# Action item
The required output holds only the lines from the one containing "image-Promotes-a-Good-Night-Sleep" through the end of the material below, copied exactly, please, with no pictures.

# Provided data
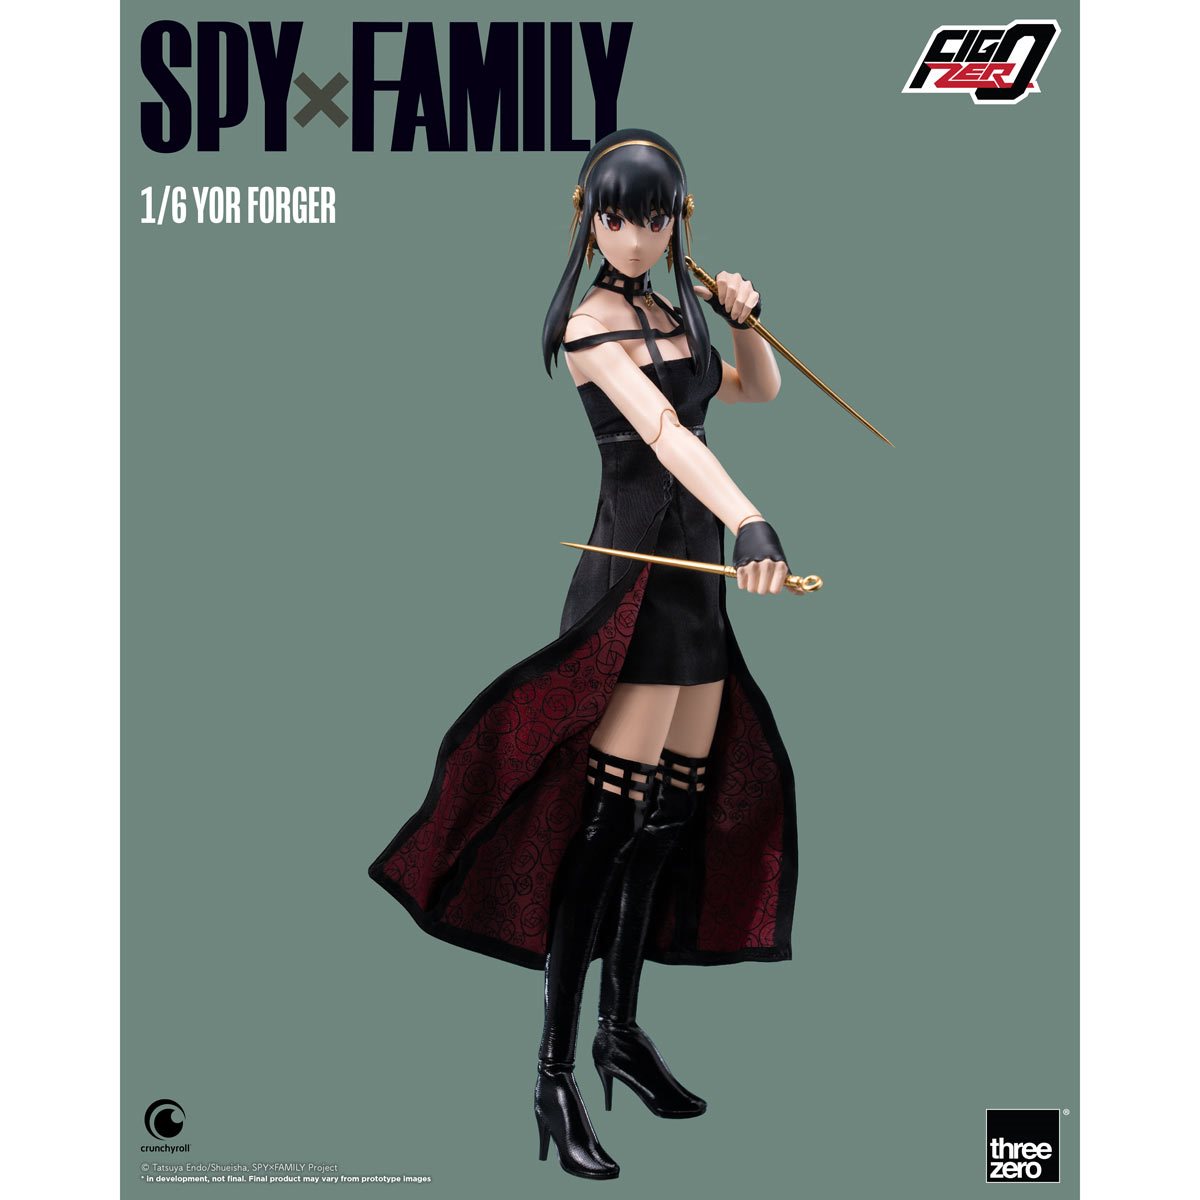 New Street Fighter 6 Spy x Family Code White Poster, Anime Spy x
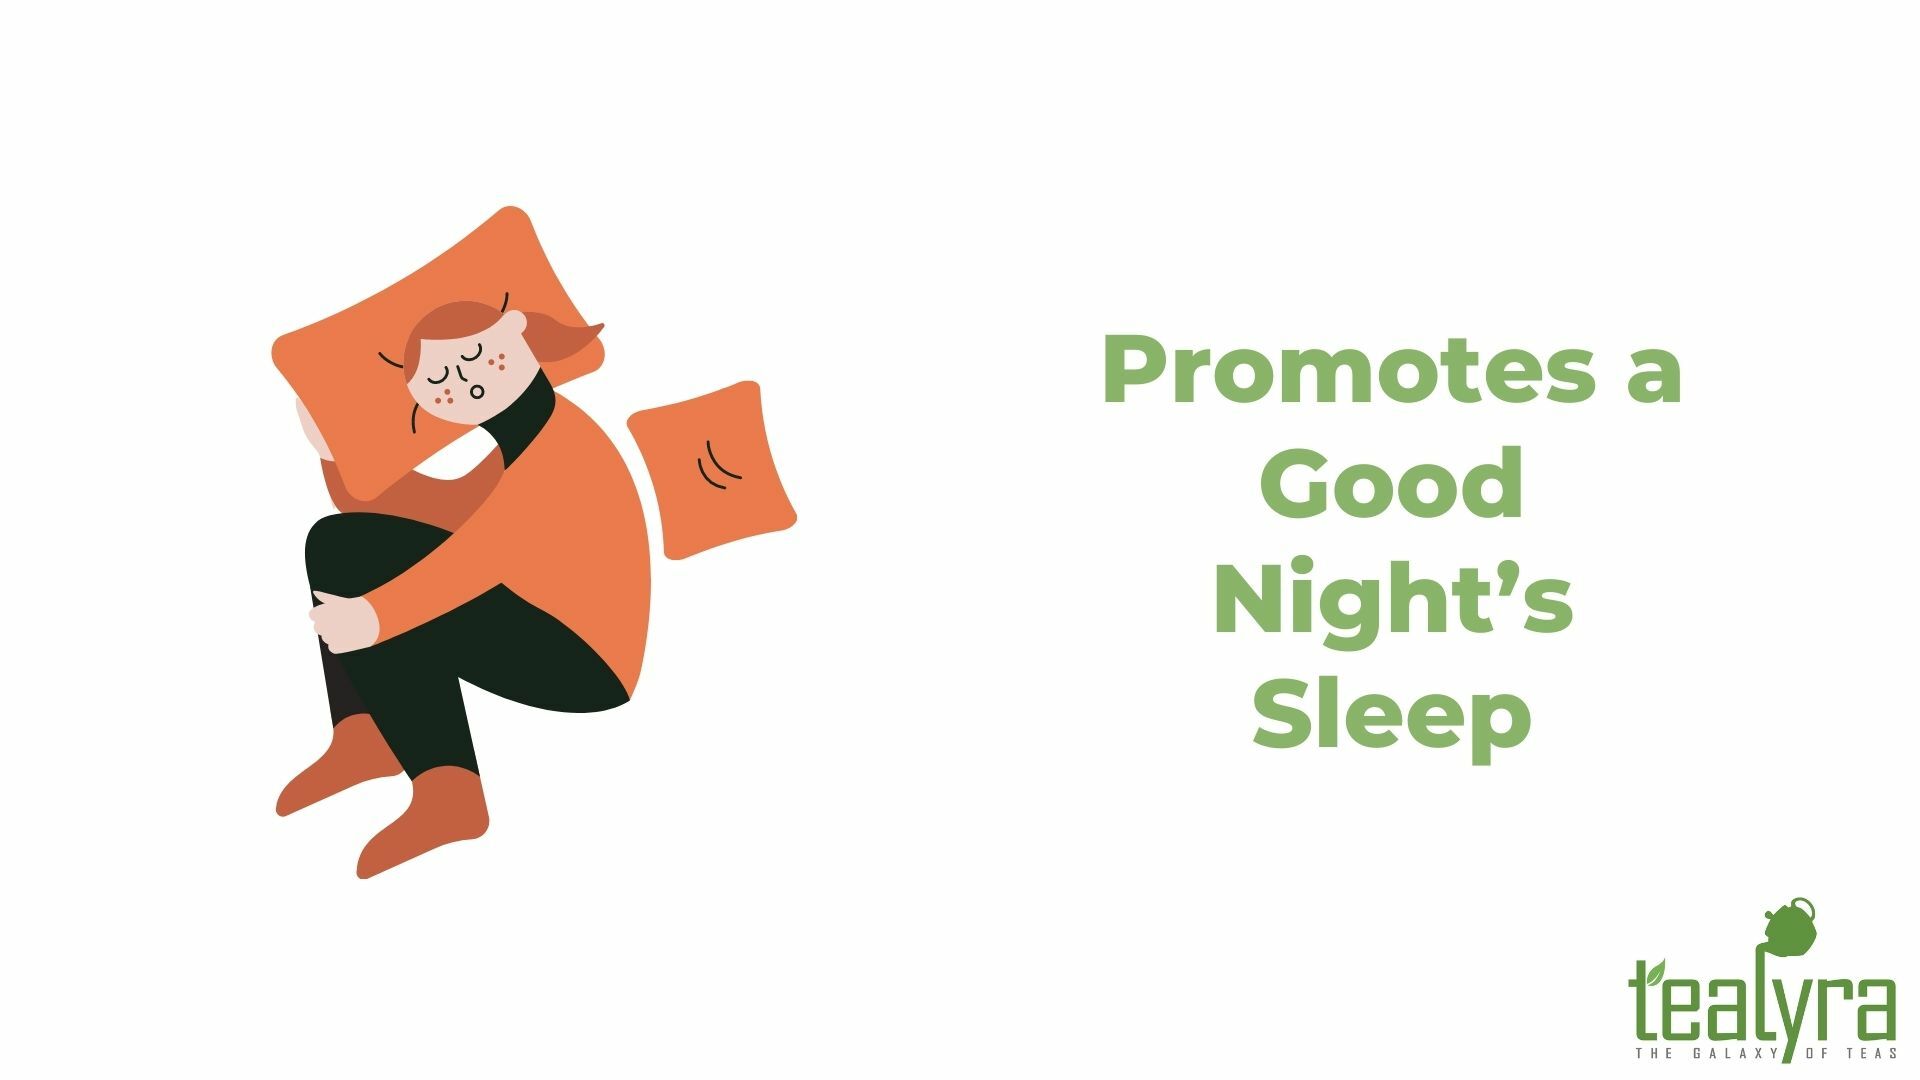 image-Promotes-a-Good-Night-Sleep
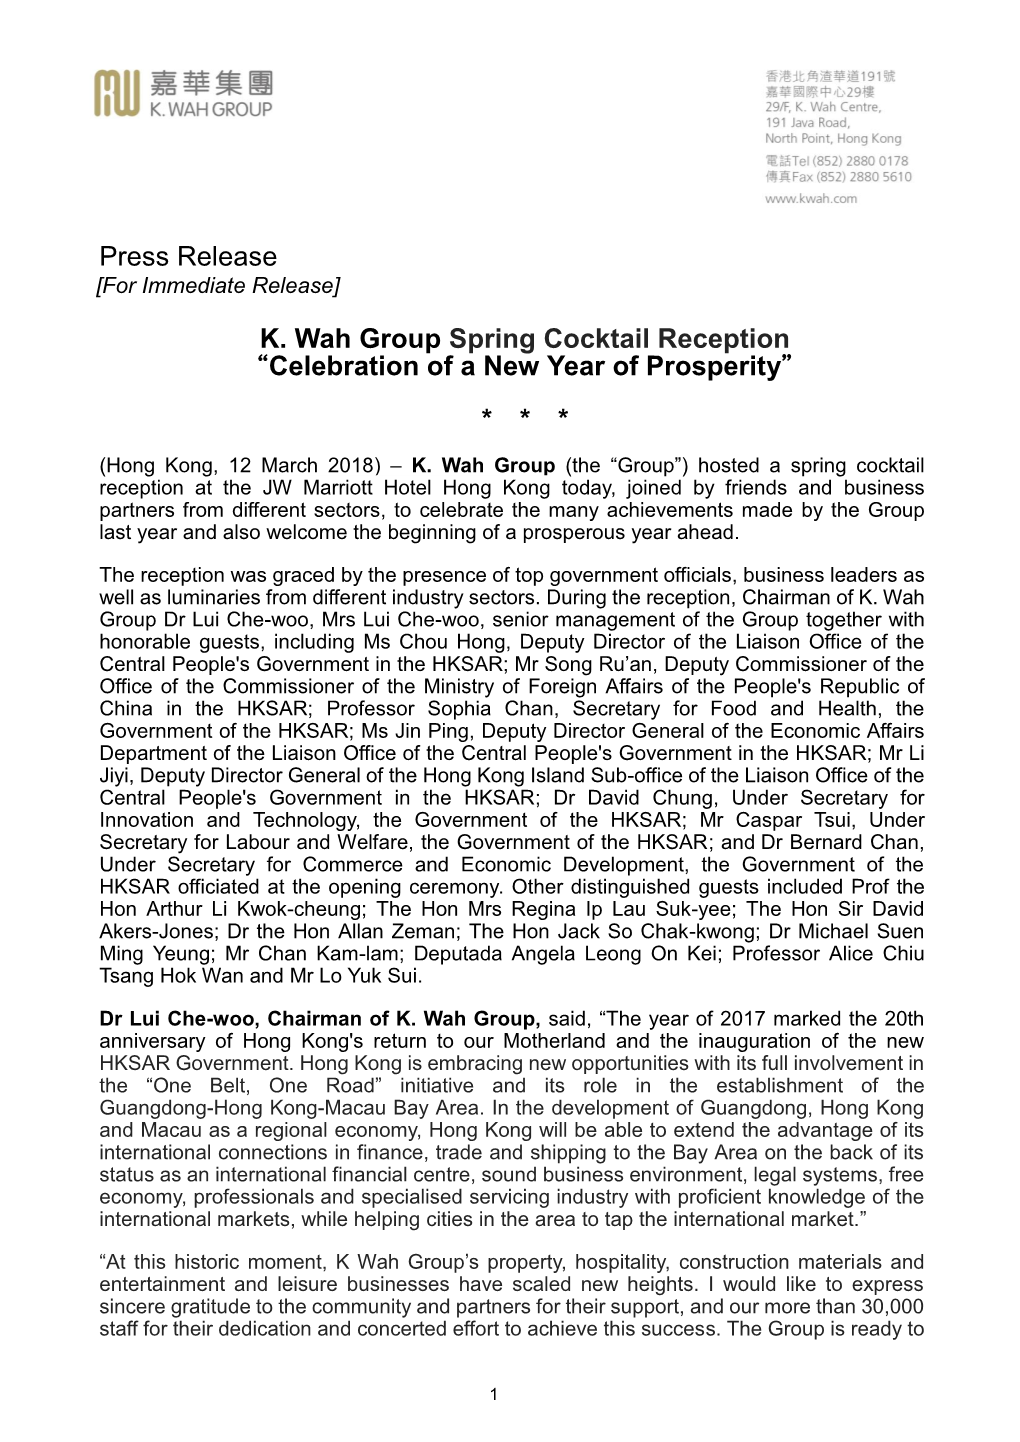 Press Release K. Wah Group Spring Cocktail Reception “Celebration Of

# Reply
 image-Promotes-a-Good-Night-Sleep
 Press Release K. Wah Group Spring Cocktail Reception “Celebration Of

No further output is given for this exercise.